The results align with recent experiments where greater visual and behavioural realism engenders increased user satisfaction (Kang and Watt 2013) and likeability (Nunamaker et al. 2011). The significant improvement in the Hubble comprehension scores when the agent was expressive could be explained as improved learning when there is greater overlap or redundancy of verbal and visual cues (Nunamaker et al. 2011). In instructional design, for example, the integration of text and graphic can aid understanding, retention and recall of material (e.g., Tindall-Ford et al. 1997). Cue redundancy serves to reduce cognitive load (Stevens et al. 2013). Conrad et al. (2015) reported differential effects of facial animation and dialog capability moderated by context. The present results further corroborate such a relationship and point to the need to design agents and features in tandem with context and content. Other factors at play that have been observed in earlier studies and warranting investigation include the relationship of gender of agent and user (Payne et al. 2013; Ruttkay et al. 2004) and the timing of expressive gesture and spoken content. Simultaneous presentation, for example, may not be the optimal way to convey emotion to the human interlocutor.

General discussion

In two experiments, features of human to human interaction that are known to influence liking, engagement and learning have been manipulated. Experiment 1 demonstrated the association between agent-user similarity and liking. Non-conscious mimicry of visual prominence cues set up a dynamical, bi-directional exchange between agent and user. Some evidence was obtained suggesting greater lifelikeness of an ECA when mimicry of visual prominence cues has taken place.
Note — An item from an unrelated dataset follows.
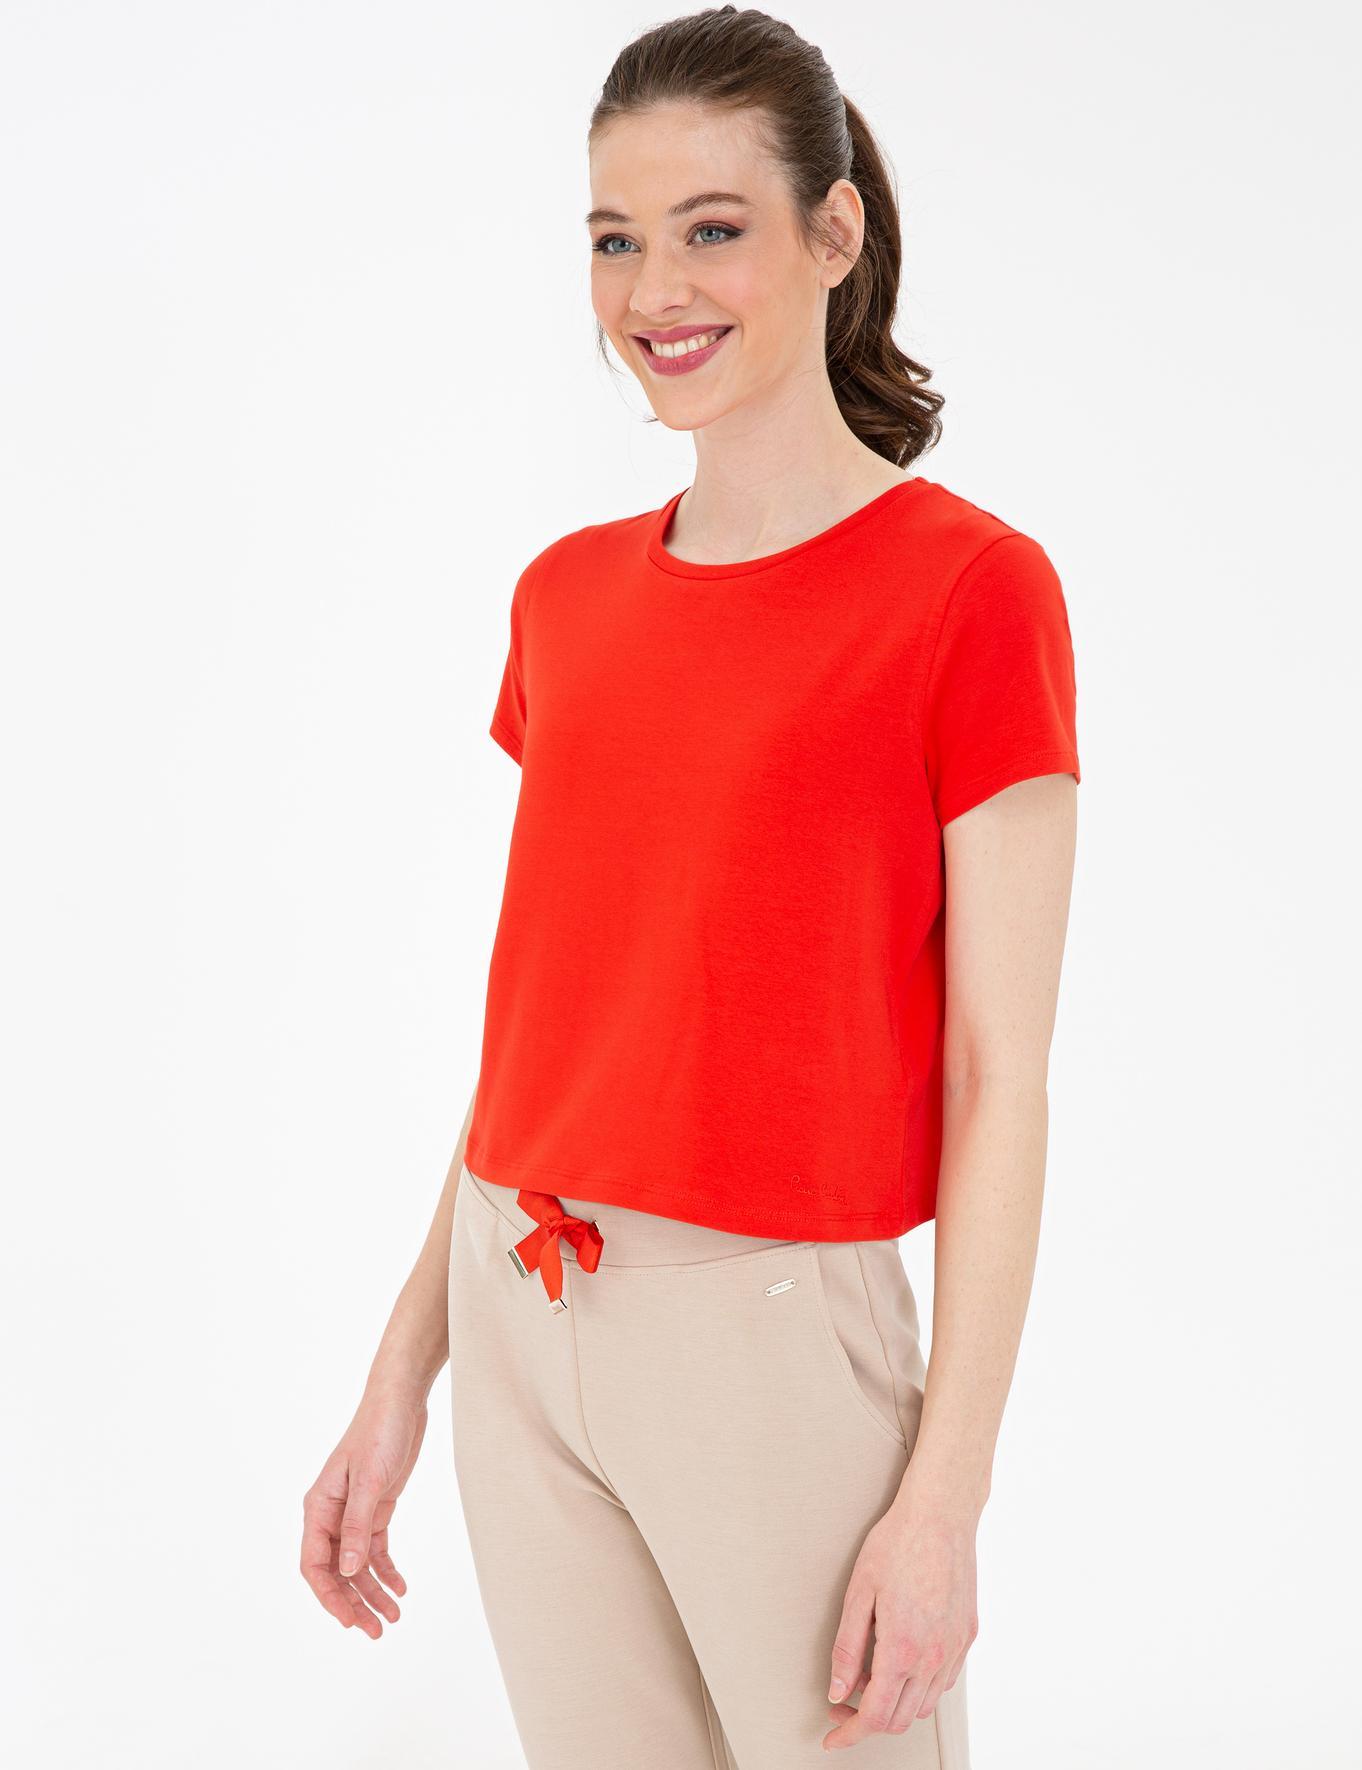 Nar Çiçeği Crop Top Fit T-Shirt

Increased social connection may arise from what Kahl and Kopp (2015) term mirroring and mentalizing. Understanding another is achieved not necessarily by only what is said but through shared experience and motor simulation or resonance (Kahl and Kopp 2015). In essence, observation and interaction of a human or agent is mediated by both visual and motor simulation. A visual prominence cue mimicked by an ECA resonates for the user in motor and visual neural networks. Without it necessarily being conscious, such resonance or simulation may drive a feeling of knowing and familiarity. Familiarity can lead to bonding, and bonding to familiarity. Thus a dynamical interplay between agent and user emerges with synchronization and familiarity building social connection and affinity. Remarkably, the mimicked action does not need to be an exact duplicate (Caridakis et al. 2007; Castellano et al. 2012); an expressive model will suffice.
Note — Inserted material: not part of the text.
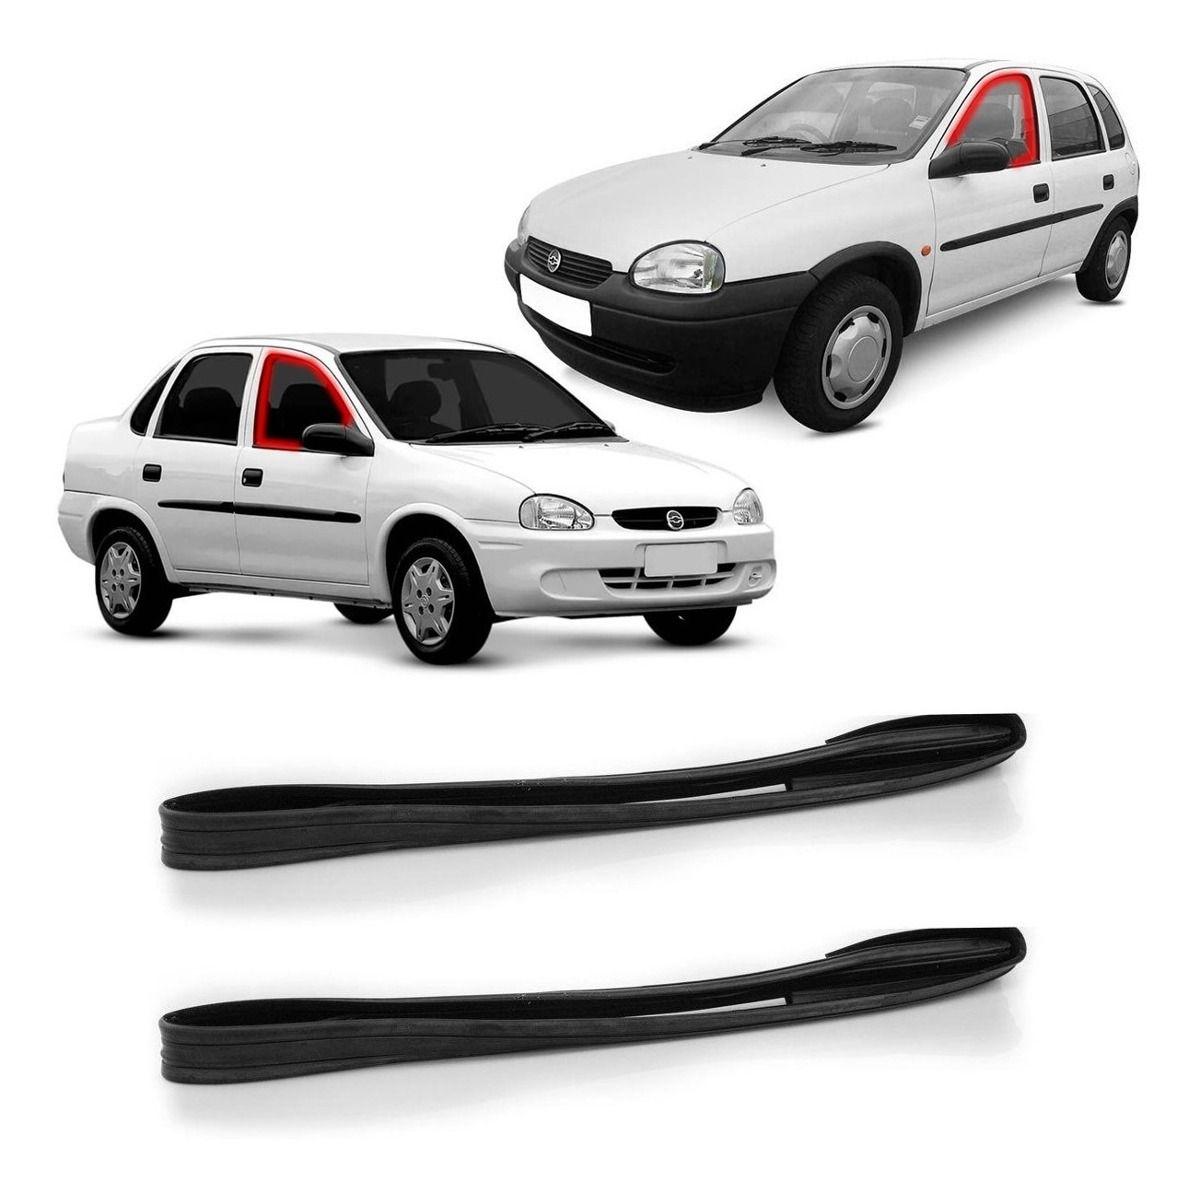 Borracha Canaleta Janela Porta Dianteira 4 Portas Corsa Hatch Sedan Wagon 94 a 02

In Experiment 2, the comprehension of a story told by a more visually expressive agent was greater than that of a non-expressive agent. Subtle interactions between facial expression and story content manifested through the use of two stories that were matched in difficulty but differed in content. The more expressive agent tended to be more liked but was also regarded as humorous when the story was less biographical. Expressive facial gestures may aid learning through increased redundancy and increased cognitive load (Stevens et al. 2013; Tindall-Ford et al. 1997). No correlation between comprehension and ratings of engagement rules out distractibility from the more expressive agent as an explanation.

Conclusion

The two experiments reveal human to human interaction phenomena in human-agent interaction. The results lend some support for the use of visual prominence cues and mimicry as means to build agent preference and trust. Non conscious mimicry of visual (and auditory) cues may further enhance engagement with agents entrusted to collect medical histories, survey people, or provide museum, health, transport or financial information. Both context and content interact. The recovery of human-like interactive behavior legitimizes the use of agents not only in applied settings but as Heyselaar et al. (2015) suggest also as ways to present tightly controlled stimuli and dialogue in pure and applied laboratory experiments examining language, memory, learning, and decision making.